As you walk up Resslova from Karlovo Namesti in Prague you pass on your left the Orthodox church of St Cyril and Methodius. Over a sealed opening into the crypt is a memorial to the paratroopers who assassinated the brutal Nazi Reinhard Heydrich and to the priest who hid seven of them in the church's crypt. The bullet holes beneath the memorial are silent witness to the ultimate sacrifice the men made for their bravery. 

The story of Operation Anthropoid as the assassination was codenamed is now the subject of a feature film (trailer below). The church now houses a museum about the operation.
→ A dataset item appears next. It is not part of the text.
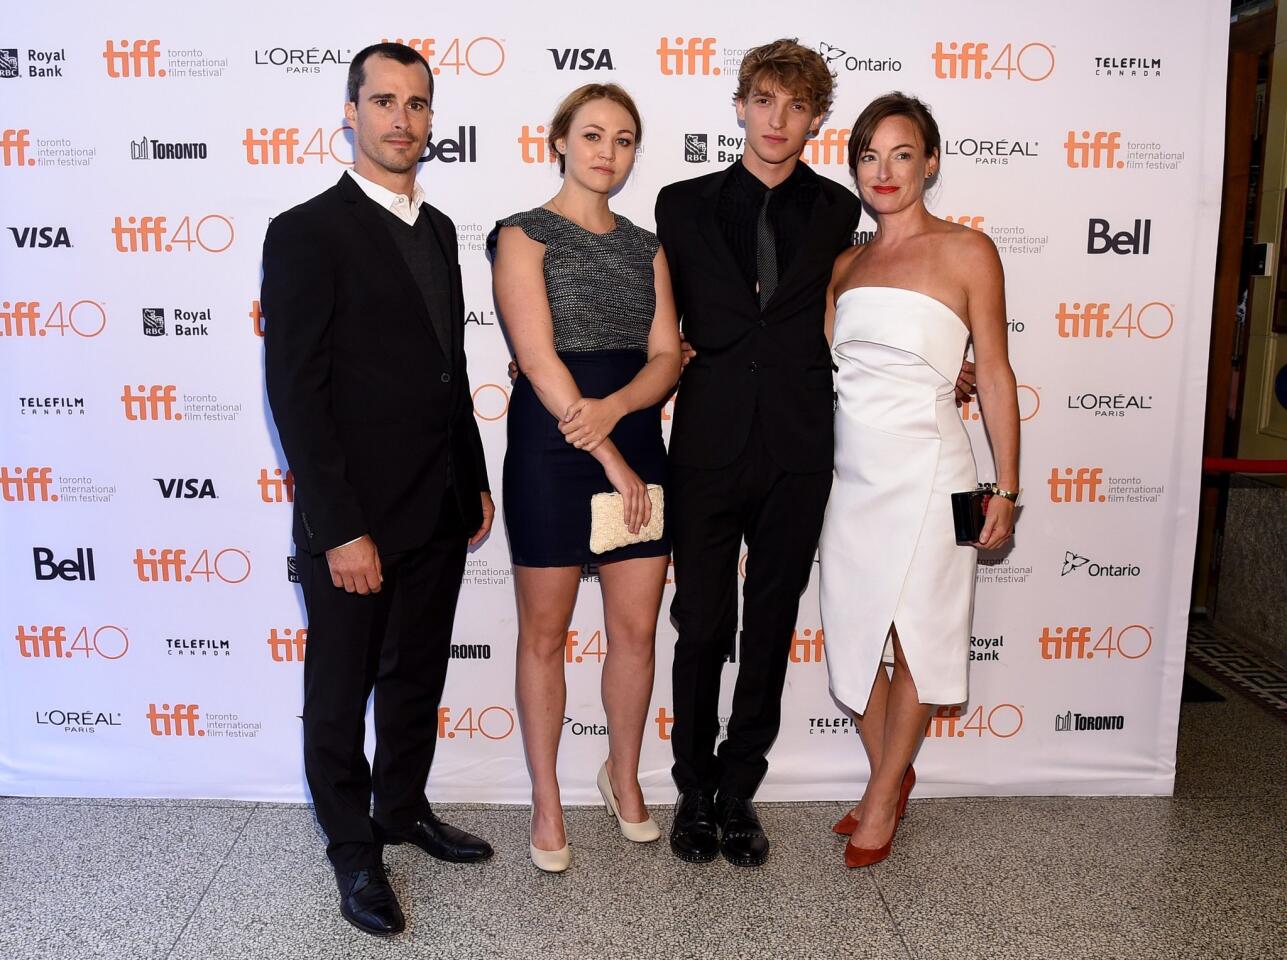 Toronto International Film Festival 2015

The first room is lined with information panels about the operation and also the terrible retribution that the Nazis inflicted on the Czech resistance and the wider Czech people. It is chilling to realise that not only were the resistance members risking their own lives but also those of their families. 

To get to the second room in the museum you pass through a door shaped like a cross-section of a spitfire's wing. You press on the door and it swings open to reveal the crypt itself. The air in the crypt is chill and damp. There are busts of the men, candles and bouquets of flowers. It is hard to comprehend what they must have felt confined in the crypt, waiting whilst outside the Nazis tortured their accomplices in order to find the hiding place. These were men of action and yet they had to wait and do nothing, reliant on others and one suspects increasingly afraid that there was no way out. Only a few hours before they were due to be transferred to another hiding place, the crypt was stormed by 750 Gestapo and SS. Despite the odds the battle lasted two hours until the Germans flooded the crypt and the parachutists ran out of ammunition. The four parachutists still alive committed suicide rather than be taken alive. 

As you turn to leave the crypt you are confronted once more by the door. This time it does not swing easily open at a mere touch. For a few seconds the sense of being trapped induces a sense of panic, until you regain your composure and realise that the opening is counter intuitive.



Sunday 4 September 2016

How to grow giant blackberries



I have been gathering a bumper crop of enormous backberries in my garden over the last week. My British readers may be saying "So what!" In the UK blackberries are something of a problem, springing up in any patch of untended ground (and indeed in tended ground such as garden borders and hedges), but here in the Czech Republic I have observed that you are more likely to see wild raspberries than blackberries in the hedgerow.

I have an affection for blackberries that goes beyond my liking for backberry crumble. My affection for them is rooted in happy childhood memories of late summer afternoons harvesting blackberries with my mother. As I grew older, my mother stopped coming with me and instead handed me a plastic container and sent me off into the fields. Even now, with my mother in her late eighties I make a point every year of bringing her a tupperware box full of gleaming black fruit.

I learnt as a child that the best place to get bumper blackberries is where they are in the open but have their roots in a ditch, as they need both sunshine and water to thrive. Maybe this need for water is one reason why they are less frequent here in Czecho, as here the summers tend to be dryer.

The blackberry with its rich sweet smell and sweeter taste is so important to me in marking the seasons that I missed them when I came to this country. I therefore decided to plant some in my garden. My garden has the sun, but is even dryer and stony than most Czech gardens. How could I avoid growing hard seedy fruit? Answer: I took advice from an old Czech gardener and planted the blackberry bush downhill from the septic tank!